In addition to the above free bootcamps, there are several other popular data science bootcamps which are not free [~$12-16k in 2015]. To see a more complete list of data science bootcamps in the US click here. After all, consider data science bootcamps as an optional choice. You don’t need to participate in these bootcamps to get a nice data science job, but if you have time and money to participate in one, do it.
Academic Graduate Programs:
Here in this note I’m targeting those who want to do a transition to data science with advanced degrees in academia and this option is not necessary in such a situation. But for the sake of completeness of the argument, I write a few lines about it.
Recently, there have been started many Master programs in various schools and universities in the US including in Columbia and Stanford University. A list of master programs in the US is available online. A full-time master program of data science usually takes 1-2 years. Due to this relatively long duration of these programs and high costs, they are only recommended for undergraduates interested in data science or for those who already have a job in analytics teams of corporation and want to learn about data science in an academic system.
3 Steps Between you and Becoming a Data Scientist
Assuming you are an academic with solid domain expertise in your field willing to became a data scientist, there are three major steps that you should take for a smooth take-off from your field and land in to the field of data science. It definitely depends on your skills’ level when you start and how much effort you intend to put in the process, but for me, for example, it took around 18 months from the point I started my first online course on data science to the point that I got my first job offer. The following are the three major steps that I categorize all the details of this journey under those [see the below schematic].
A) Skill Development: Establish a solid data science skill set
Since this is the first and probably the most important step towards your goal, it’s very important to do it right. Because data science is an interdisciplinary field, there might be many topics that will be totally new to you and you have not seen them before. Be patient and follow an organized plan to learn the new topics as deeply as you can.

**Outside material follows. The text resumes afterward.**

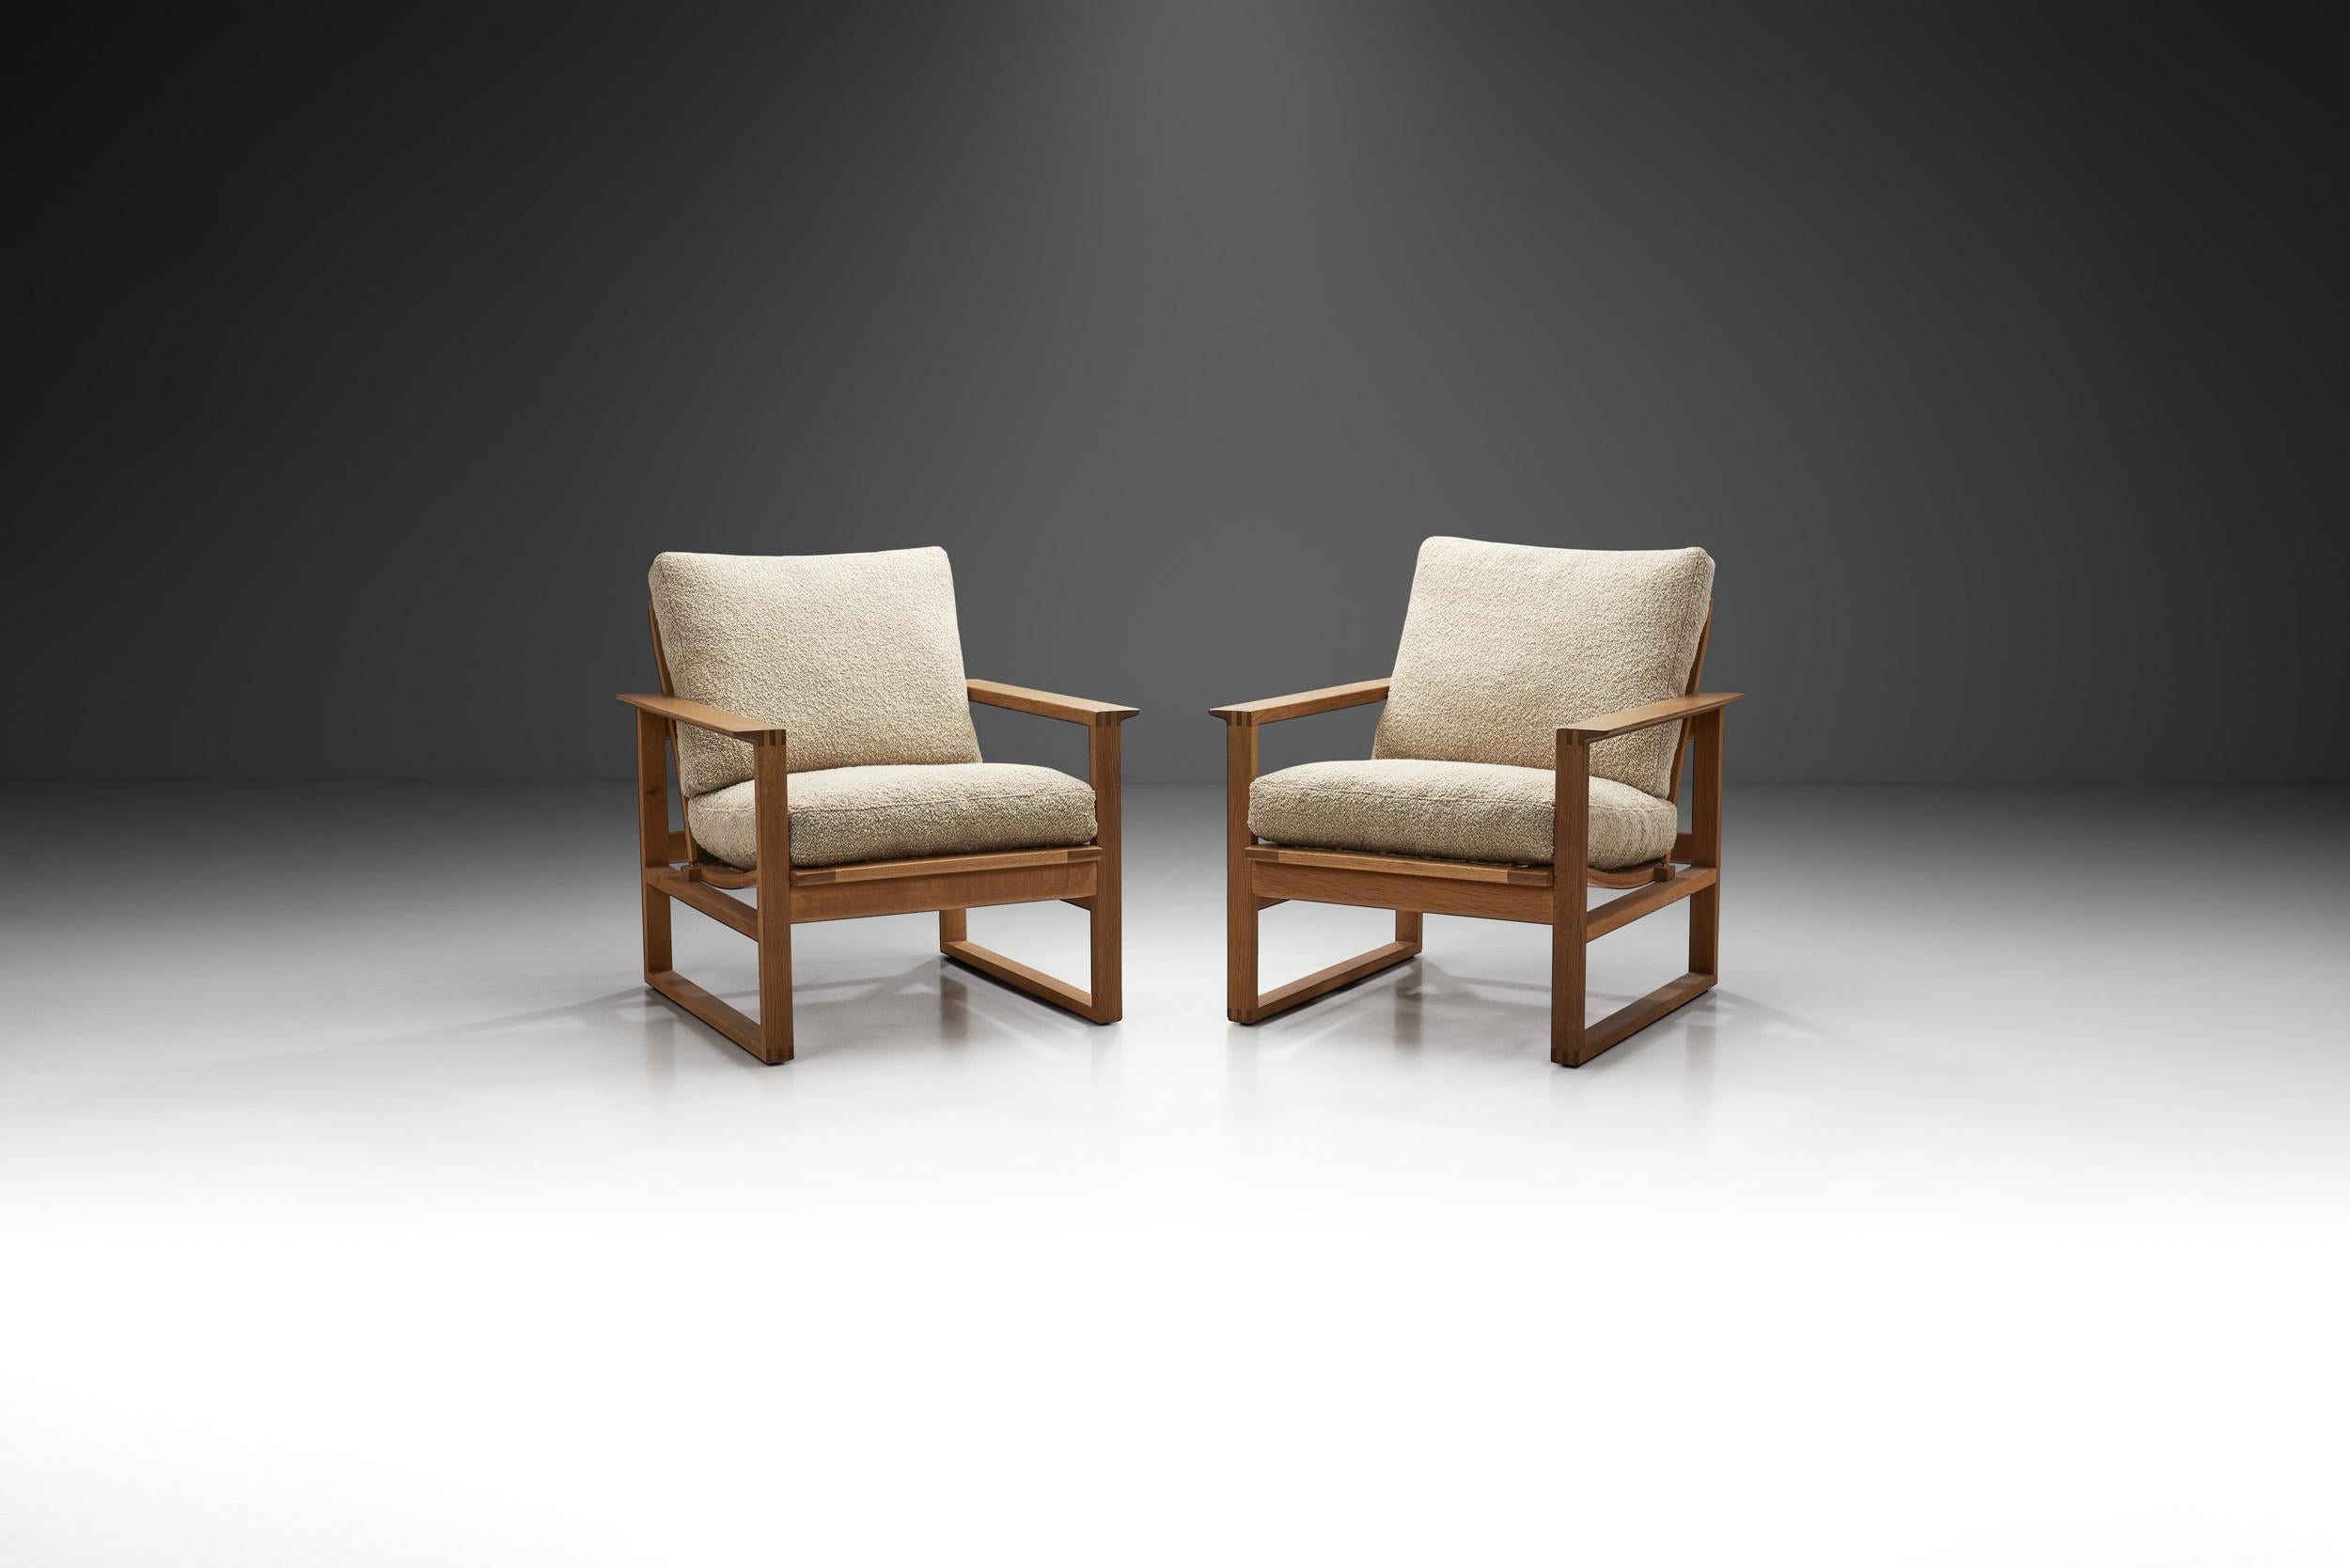 This pair of Børge Mogensen lounge chairs was designed in 1956 with the model number 2256 for Fredericia Stolefabrik. The Danish designer’s most iconic pieces were developed at Fredericia’s workshop.

Børge Mogensen was one of the most influential

Don’t worry much about the time you spend in this step. Like in any other learning curve, you are going to go back and forth several times until you learn a topic deep enough to be able to apply it elsewhere. Absorb as much as you can from the learning resources and make yourself comfortable with the new concepts such that you can easily use them in the real-world problems later on.
Choose your resources carefully and read, listen, watch, and learn as much as you can to develop and improve your basic knowledge and skills in programming, machine learning algorithms, and software toolboxes. The textbooks and online courses listed in the previous section are rich resources to get you started. I personally recommend starting with Machine Learning course in Coursera by Andrew Ng which required almost no prior knowledge of machine learning and data science and afterwards taking the more advanced course of Statistical Learning by Trevor Hastie and Rob Tibshirani of Stanford. Both of these courses are linked above in the resource section. They both cover a broad range of topics in different depths with slightly different approaches and tools which makes it an excellent strategy to learn, I think.
Look around, find, follow, and communicate with the people who are experienced in data science including the seniors in the field and also those who are willing to take the same path as you for company along the way. It is going to be a long journey and having the right people in the right moments around you will certainly give you lots of benefits during this journey. Since it’s a transition path, there will be moments of loss and darkness. Never give up and always be positive. The more informed your initial decision to take this journey is, the less lost and darkness moments you will have. Gather as much information as you can about the new field that you are willing to enter to.
In addition to the new concepts and various machine learning algorithms which are crucial for doing data science, it’s also very important to be familiar with the tools. Know a programming language very well to the master level and try to learn as much as you can from other languages to be able to use them in special circumstances. There is a long debate among data scientists on which language is the best for doing data science. After all, it doesn’t matter which programming language you use to implement your algorithms but it is important to be able to communicate with the rest of the community.
For this reason, and because of their popularity, Python and R are the most recommended languages to learn and use among all. Python has been written by computer scientists and therefore is more structured than R. But R is developed by statisticians and therefore it’s easier to learn and apply statistical concepts with it. I learned and worked with both of them, just to be on the safe side in any case. I don’t regret it.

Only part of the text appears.